In the 1980s, Soviet imports from Western industrialized countries generally exceeded exports, although trade with the West decreased overall. One-half of Soviet agricultural imports were from developed countries, and these imports made up a considerable portion of total imports from the West. Industrial equipment formed one-quarter of Soviet imports from the West, and iron and steel products, particularly steel tubes for pipeline construction, made up most of the rest. Over the course of the 1980s, high-technology items gained in importance as well.

In the 1970s and 1980s, Soviet trade with the Western industrialized countries was more dynamic than was Soviet trade with other countries, as trade patterns fluctuated with political and economic changes. In the 1970s, the Soviet Union exchanged its energy and raw materials for Western capital goods, and growth in trade was substantial. Soviet exports jumped 55 percent, and imports jumped 207 percent. The Soviet Union ran a trade deficit with the West throughout this period.

In 1980 the Soviet Union exported slightly more to the West than it imported. After a temporary shortage of hard currency in 1981, the Soviet Union sought to improve its trade position with the industrialized countries by keeping imports at a steady level and by increasing exports. As a result, the Soviet Union began to run trade surpluses with most of its Western partners. Much of the income earned from fuel exports to Western Europe was used to pay off debts with the United States, Canada, and Australia, from which the Soviet Union had imported large quantities of grain.

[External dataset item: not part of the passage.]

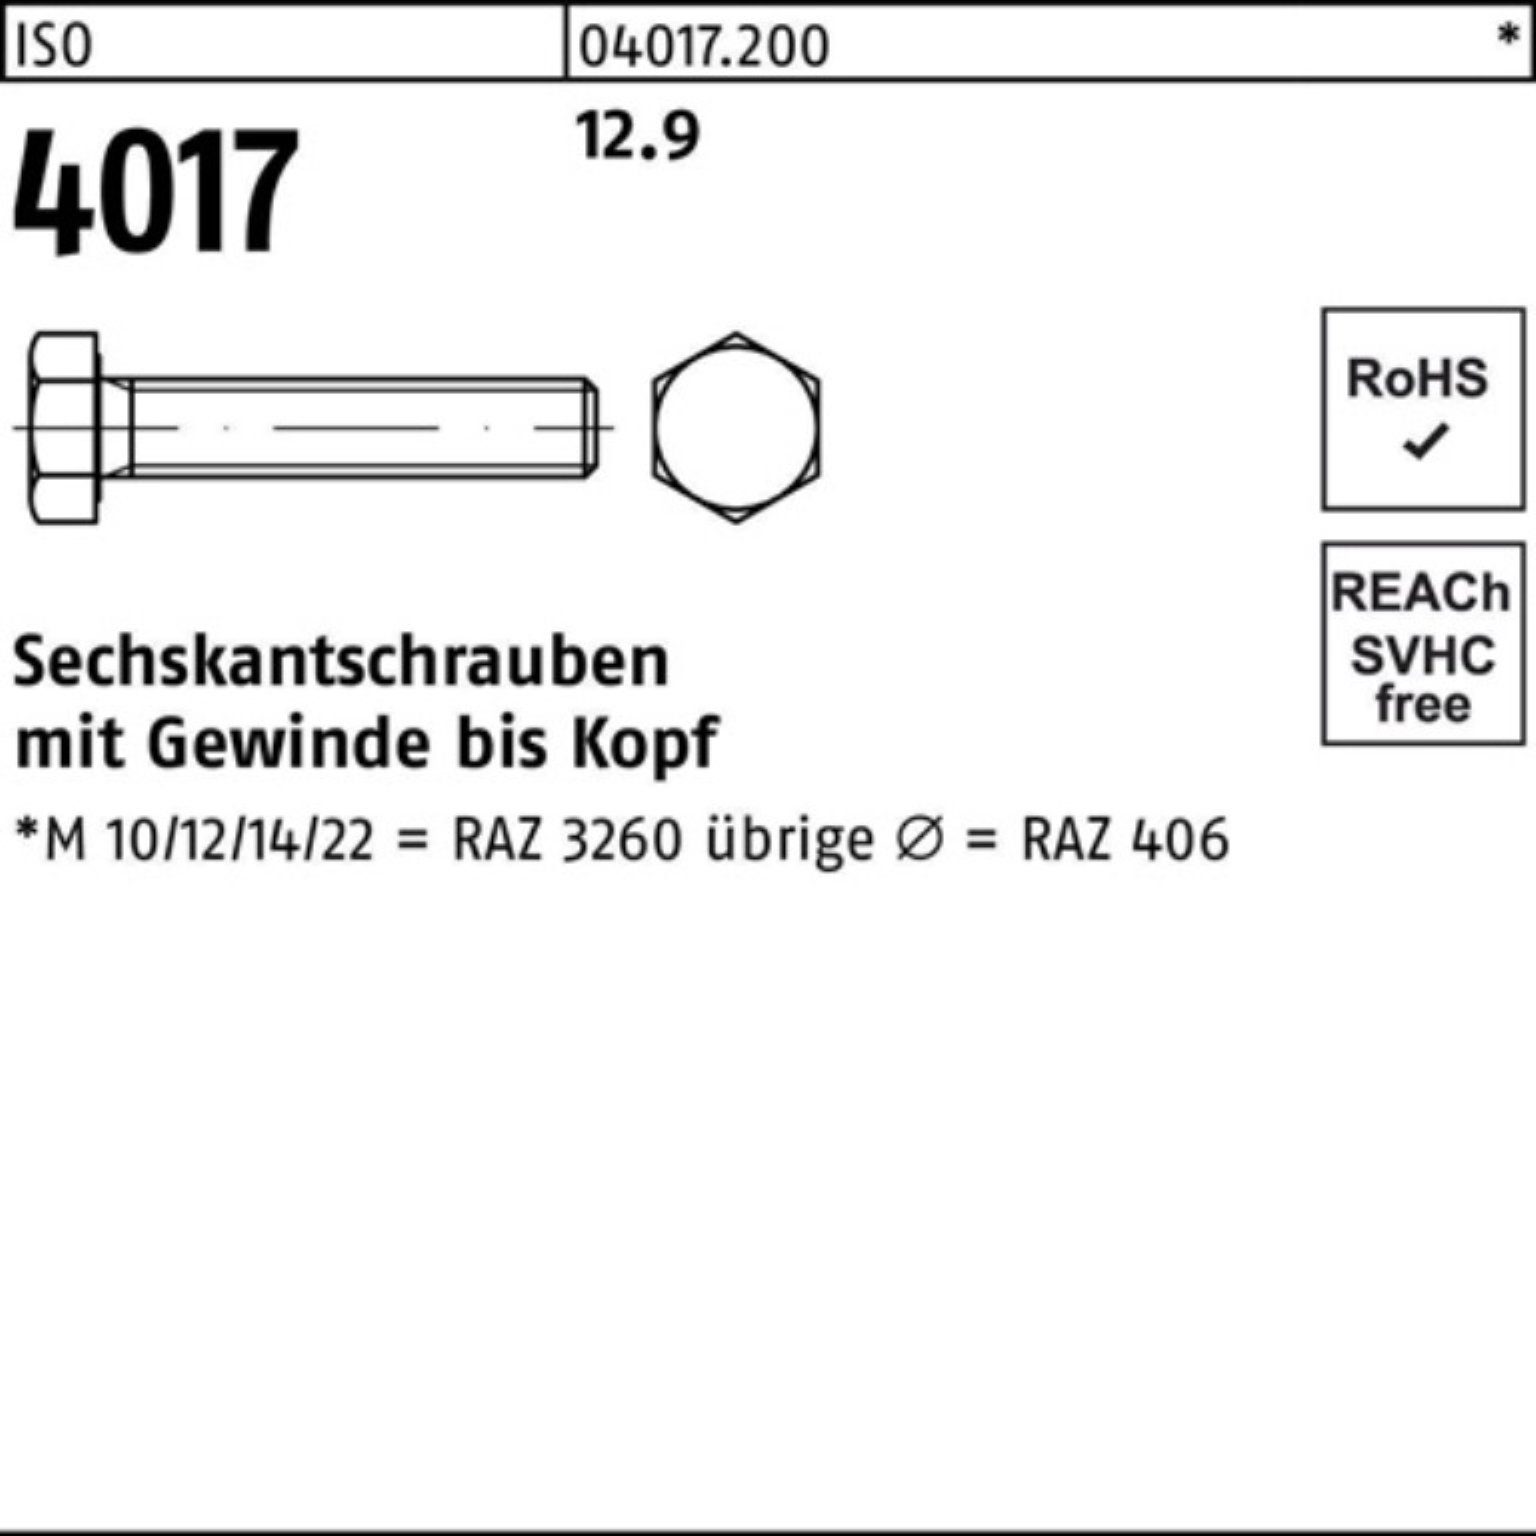 Hochstufung Bufab Sechskantschraube 200er 40 M8x 45 4017 12.9 Stück Sechskantschraube 200 ISO ISO Pack VG

In 1985 and 1986, trade with the West was suppressed because of heightened East-West political tensions, successful Soviet grain harvests, high Soviet oil production costs, a devalued United States dollar, and falling oil prices. Despite increases in oil and natural gas exports, the Soviet Union's primary hard-currency earners, the country was receiving less revenue from its exports to the West. The Soviet Union sold most of its oil and natural gas exports for United States dollars but bought most of its hardcurrency imports from Western Europe. The lower value of the United States dollar meant that the purchasing power of a barrel of Soviet crude oil, for example, was much lower than in the 1970s and early 1980s. In 1987 the purchasing power of a barrel of Soviet crude oil in exchange for West German goods had fallen to one-third of its purchasing power in 1984.

With the exception of grain, phosphates used in fertilizer production, and high-technology equipment, Soviet dependence on Western imports historically has been minimal. A growing hardcurrency debt of US$31 billion in 1986 led to reductions in imports from countries with hard currencies. In 1988 Gorbachev cautioned against dependence on Western technology because it required hard currency that ""we don't have."" He also warned that increased borrowing to pay for imports from the West would lead to dependence on international lending institutions.